What can business history tell us about regulation and business responsibility?

The Purpose Of Business

Looking at business history gives an interesting perspective. The idea that businesses are only there for the benefit of shareholders (see here) is not the only view that exists by a long way. One set of people who had a different view were the Quaker business people of the 19th century. The Quakers are a modestly sized Christian group. Richard Nixon was of Quaker heritage but he isn’t necessarily the perfect poster child.

The Quakers were major players in the English business scene. They also had notable strength in nineteenth-century US business. The list of names of businesses associated with the Quakers are impressive. The Quakers built a great brand for their business dealings. Integrity was central to the idea of a Quaker business. Quaker Oats illustrates how strong the brand was. Interestingly, the founders of this business were not Quakers. Still, the owners thought taking the name would associate the brand with the Quaker’s positive qualities.

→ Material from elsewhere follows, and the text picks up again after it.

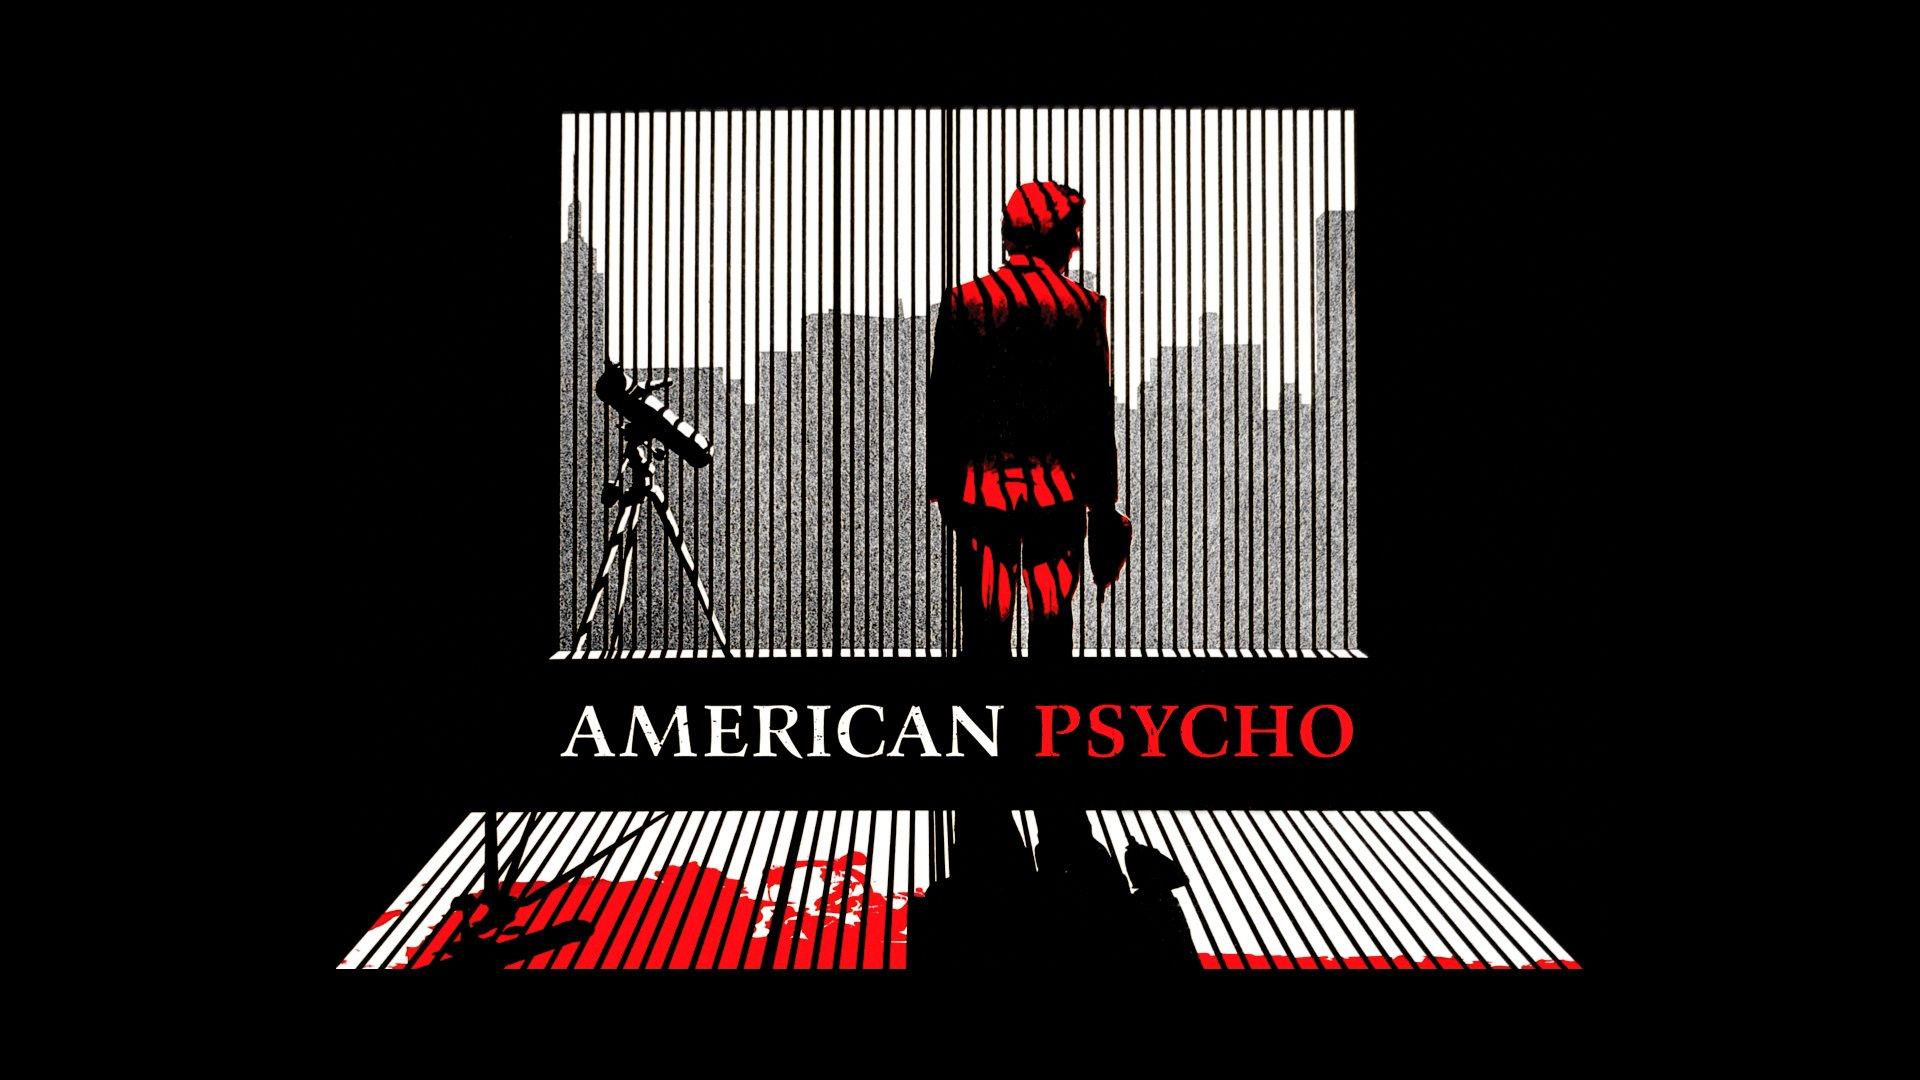 American psycho wallpaper 1920x1080 426377 WallpaperUP 1920x1080

The List Of Quaker Businesses Is Impressive

Probably the most famous Quaker business person was George Cadbury — of chocolate fame. (The Quakers are massively over-represented in UK confectionery). He seems to have developed an early form of CSR (Corporate Social Responsibility). Indeed, he might have thought it odd to seek solely to increase funds for the owners.

Cadbury’s approach seems to see how far the business could sustain the improvements in the lot of stakeholders — illustrated in the donation of the Bournville to the village trust.

Fincham, 2019, page 54


There has been pushback on the idea of business for good. If you compare working conditions against modern laws then all nineteenth-century conditions left a lot to be desired. That said, I would worry less about that comparison. The explicit intention was the elevate the conditions of the workers. At the time working conditions were pretty awful and the Quaker plans represented progress (not an end state we should aspire to). It seems reasonable to conclude that many of the business owners were genuine in their desire to improve the world and would probably celebrate that we have made further progress since. They seem to have felt that business could be a force for good.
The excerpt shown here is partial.